Empirical validation code for SLR paper: AI-Based Detection of Cloud Cryptojacking

License

Notifications You must be signed in to change notification settings

AmitabhCh822/cryptojacking-validation

Repository files navigation

Cryptojacking Detection Validation

Empirical Validation for AI-Based Cloud Cryptojacking Detection

Python 3.10+ License: MIT Google Colab

Overview

This repo contains the validation code for our systematic literature review:

Detecting Cryptojacking in Cloud Environments: A Systematic Review of AI-Based Defenses, Deployment Challenges, and Research Gaps
Amitabh Chakravorty, Nelly Elsayed
School of Information Technology, University of Cincinnati
International Journal of Information Security (Springer Nature)
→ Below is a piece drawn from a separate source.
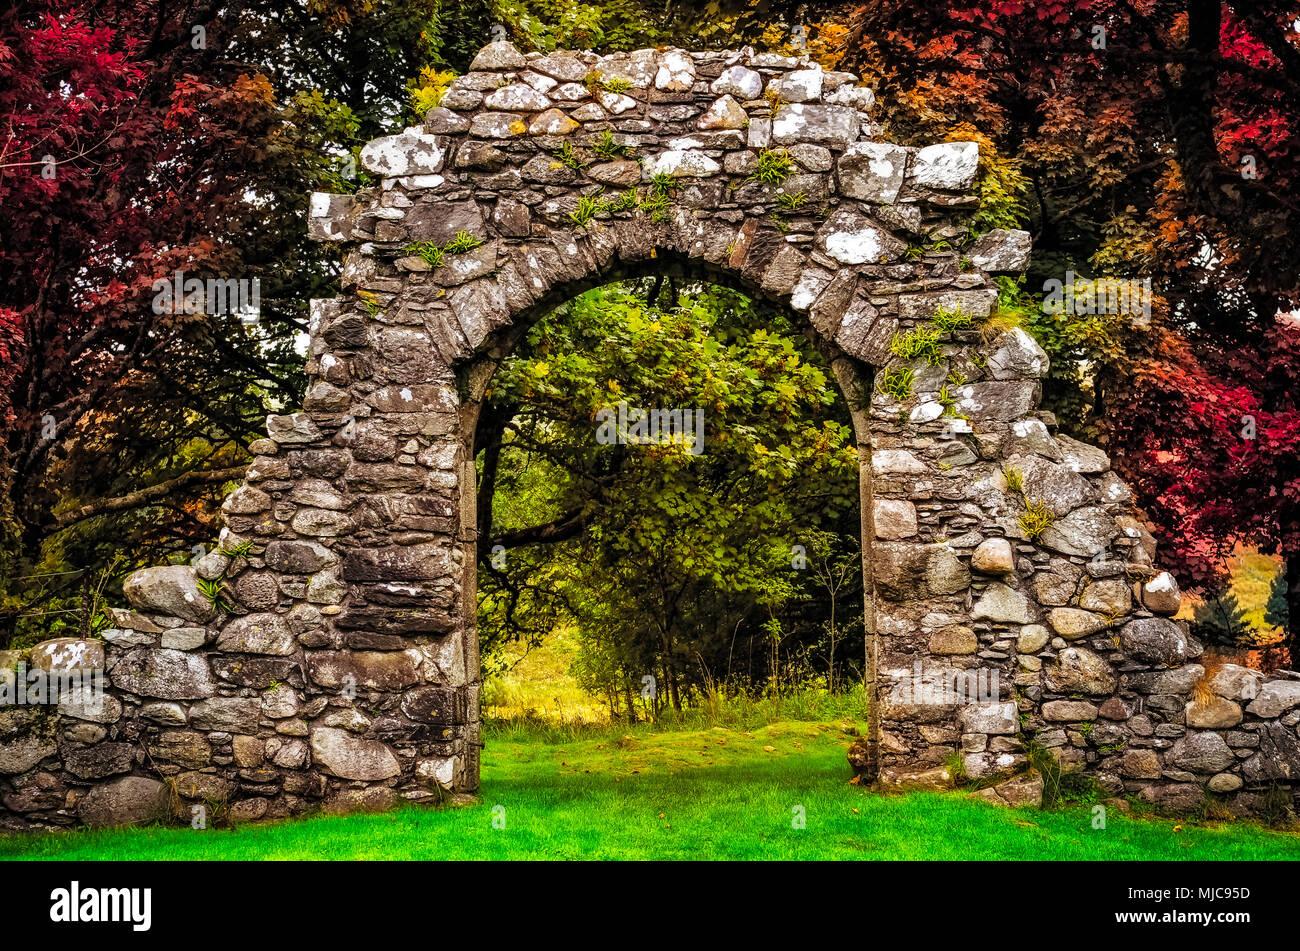 l 39 entr e en pierre vieux mur dans le jardin avec de belles feuilles color es banque d 39 images. Black Bedroom Furniture Sets. Home Design Ideas

We took representative ML models from the reviewed literature and tested them on public datasets to see how well reported results actually hold up. The short answer: they often don't. Reported accuracies are frequently inflated by data leakage and testing only on attack types the model already knows.

Key Findings

Our Results (After Fixing Data Leakage + Rigorous Evaluation)

Dataset Best Model Accuracy F1-Score Training Time
DS2OS XGBoost 96.26% 0.9695 3.16s
NSL-KDD XGBoost 80.82% 0.8073 3.67s

How That Compares to the Literature

Study Model Dataset Reported Ours Gap
Tekin et al. RF DS2OS ~99.00% 96.26% -2.74%
Tiwari et al. LightGBM DS2OS 98.52% 96.26% -2.26%
Safaei Pour et al. RF NSL-KDD 99.60% 77.17% -22.43%
Safaei Pour et al. Gradient Boosting NSL-KDD 99.60% 78.25% -21.35%

Why the gap?

  • DS2OS (~3% drop): Original studies kept identifier columns (timestamp, sourceID, sourceAddress) that leak the target variable. Once you remove those, the model has to actually learn behavioral patterns instead of memorizing IDs.
  • NSL-KDD (~22% drop): Original studies tested on random splits of training data, so models only ever saw attack types they'd been trained on. We used the official KDDTest+ holdout, which includes novel attacks (mscan, saint, apache2, processtable) absent from training. That's a much harder test, and it's closer to what real deployment looks like.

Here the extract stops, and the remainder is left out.